§ Information provided
-- Opening Marker --
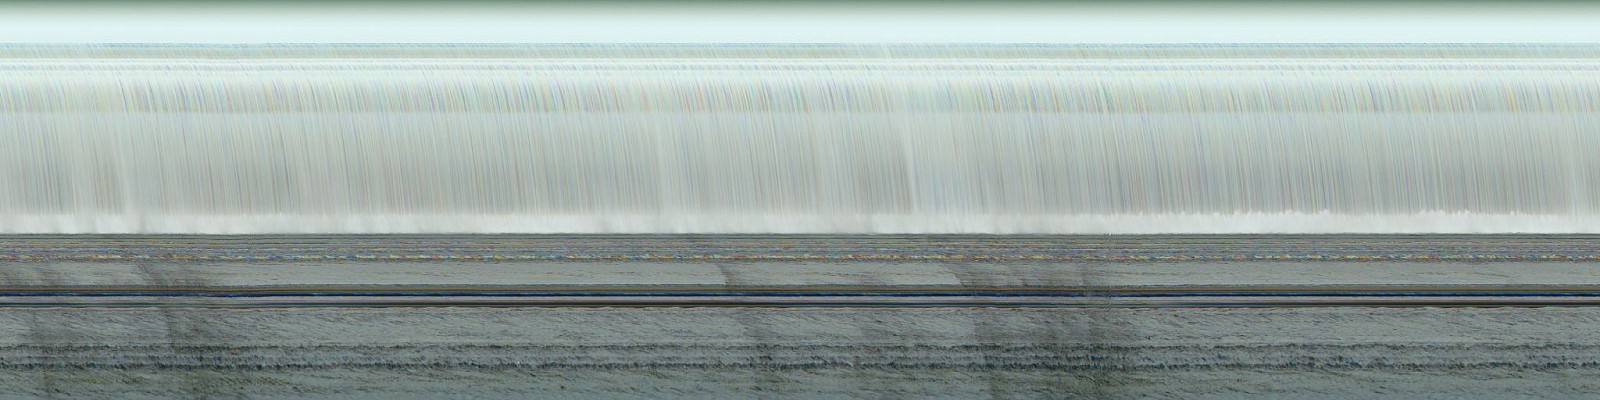 Jay Mark Johnson, ÖXARÁRFOSS #3, 2021 Thingvellir National Park, Iceland
archival pigment on paper, mounted on aluminum, 40 x 160 in. (101.6 x 406.4 cm)
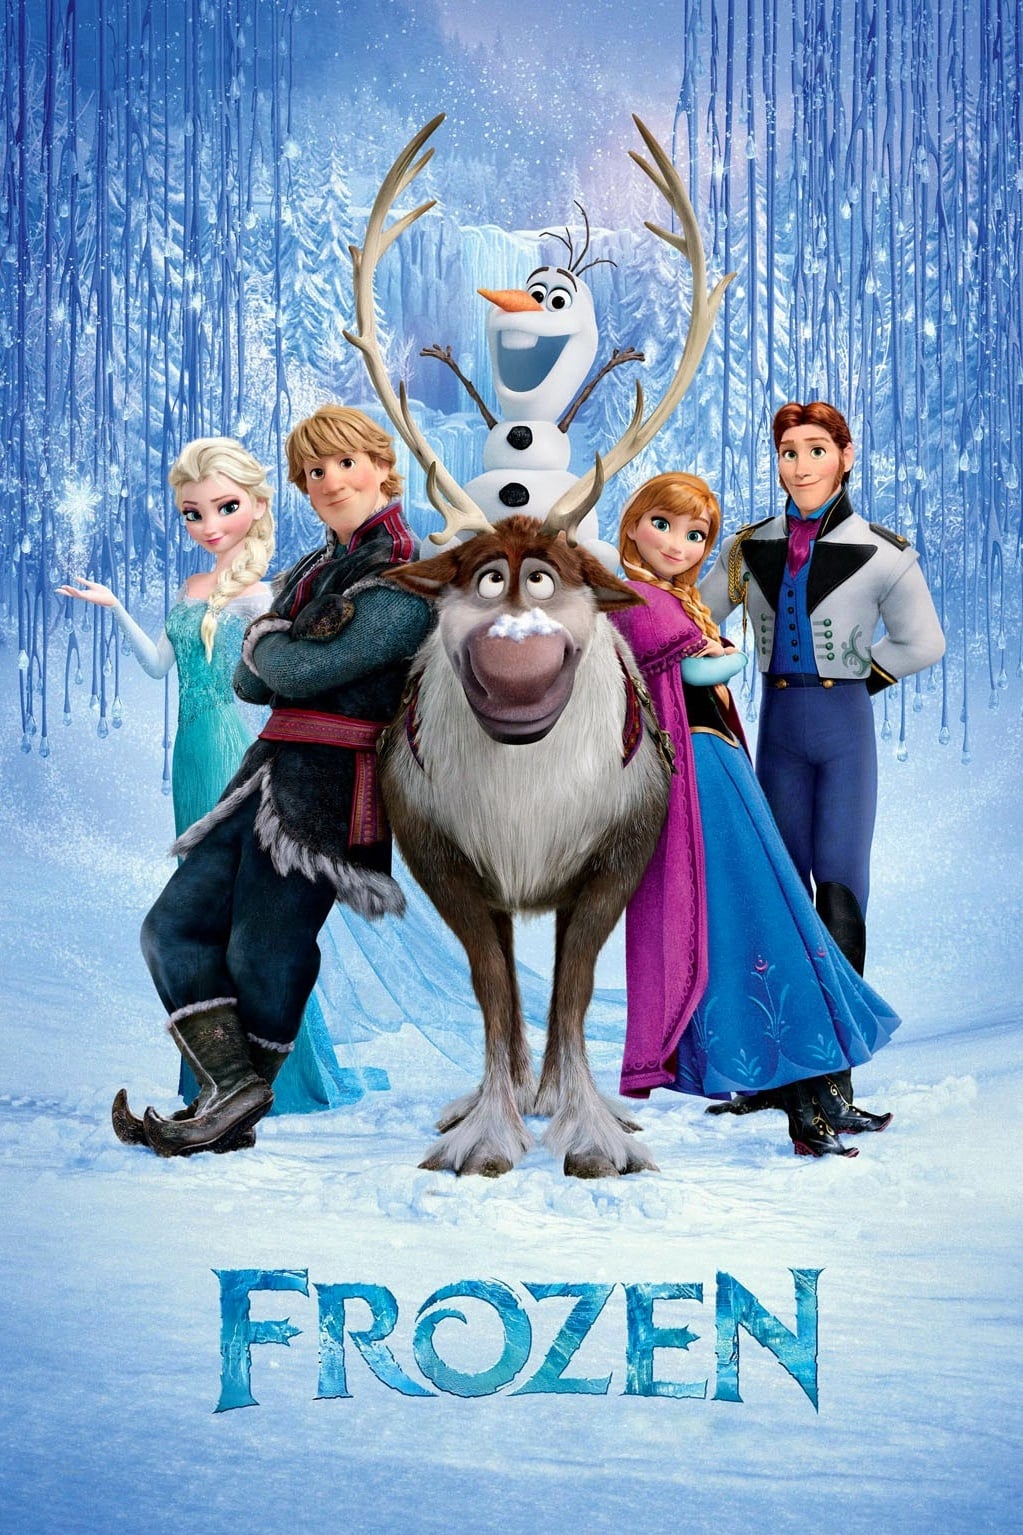  Frozen  1080p Full  Movie  Online on 123Movies
-- Closing Marker --
§ Instructions to follow
For this exercise, return the data above exactly and leave every picture out.

§ Solution to this task
 Jay Mark Johnson, ÖXARÁRFOSS #3, 2021 Thingvellir National Park, Iceland
archival pigment on paper, mounted on aluminum, 40 x 160 in. (101.6 x 406.4 cm)
  Frozen  1080p Full  Movie  Online on 123Movies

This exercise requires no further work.